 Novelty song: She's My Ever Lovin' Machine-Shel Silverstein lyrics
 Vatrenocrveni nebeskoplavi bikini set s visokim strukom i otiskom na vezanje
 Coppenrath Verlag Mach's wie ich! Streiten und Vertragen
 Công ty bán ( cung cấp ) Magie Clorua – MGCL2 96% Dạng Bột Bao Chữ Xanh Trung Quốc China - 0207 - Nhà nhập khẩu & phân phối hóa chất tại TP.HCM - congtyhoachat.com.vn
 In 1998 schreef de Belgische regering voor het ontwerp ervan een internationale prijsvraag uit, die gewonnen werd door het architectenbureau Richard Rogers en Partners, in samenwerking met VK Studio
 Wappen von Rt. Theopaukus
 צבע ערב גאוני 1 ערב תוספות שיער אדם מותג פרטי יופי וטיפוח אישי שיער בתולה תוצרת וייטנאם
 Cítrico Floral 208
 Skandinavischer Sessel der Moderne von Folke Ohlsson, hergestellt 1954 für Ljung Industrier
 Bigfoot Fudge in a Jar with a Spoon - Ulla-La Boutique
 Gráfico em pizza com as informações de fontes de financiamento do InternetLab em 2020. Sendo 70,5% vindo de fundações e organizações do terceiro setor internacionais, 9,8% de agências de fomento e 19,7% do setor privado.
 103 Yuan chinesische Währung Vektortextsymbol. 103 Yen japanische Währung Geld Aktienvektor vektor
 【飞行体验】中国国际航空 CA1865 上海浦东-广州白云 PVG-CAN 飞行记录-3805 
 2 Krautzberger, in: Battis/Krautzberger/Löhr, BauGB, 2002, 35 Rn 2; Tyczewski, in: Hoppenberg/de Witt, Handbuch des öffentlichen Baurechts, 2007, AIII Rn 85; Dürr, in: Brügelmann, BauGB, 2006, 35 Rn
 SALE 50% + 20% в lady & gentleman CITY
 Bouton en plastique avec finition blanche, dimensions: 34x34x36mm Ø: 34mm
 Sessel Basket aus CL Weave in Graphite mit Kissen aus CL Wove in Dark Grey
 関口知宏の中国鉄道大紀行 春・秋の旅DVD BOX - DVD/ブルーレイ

TASK DIRECTIONS
In the listing above, find the line with "103 Yuan chinesische" and the line with "Bouton en plastique", then print exactly those two lines and every line between them, and nothing more.

OUTPUT OF THE TASK
 103 Yuan chinesische Währung Vektortextsymbol. 103 Yen japanische Währung Geld Aktienvektor vektor
 【飞行体验】中国国际航空 CA1865 上海浦东-广州白云 PVG-CAN 飞行记录-3805 
 2 Krautzberger, in: Battis/Krautzberger/Löhr, BauGB, 2002, 35 Rn 2; Tyczewski, in: Hoppenberg/de Witt, Handbuch des öffentlichen Baurechts, 2007, AIII Rn 85; Dürr, in: Brügelmann, BauGB, 2006, 35 Rn
 SALE 50% + 20% в lady & gentleman CITY
 Bouton en plastique avec finition blanche, dimensions: 34x34x36mm Ø: 34mm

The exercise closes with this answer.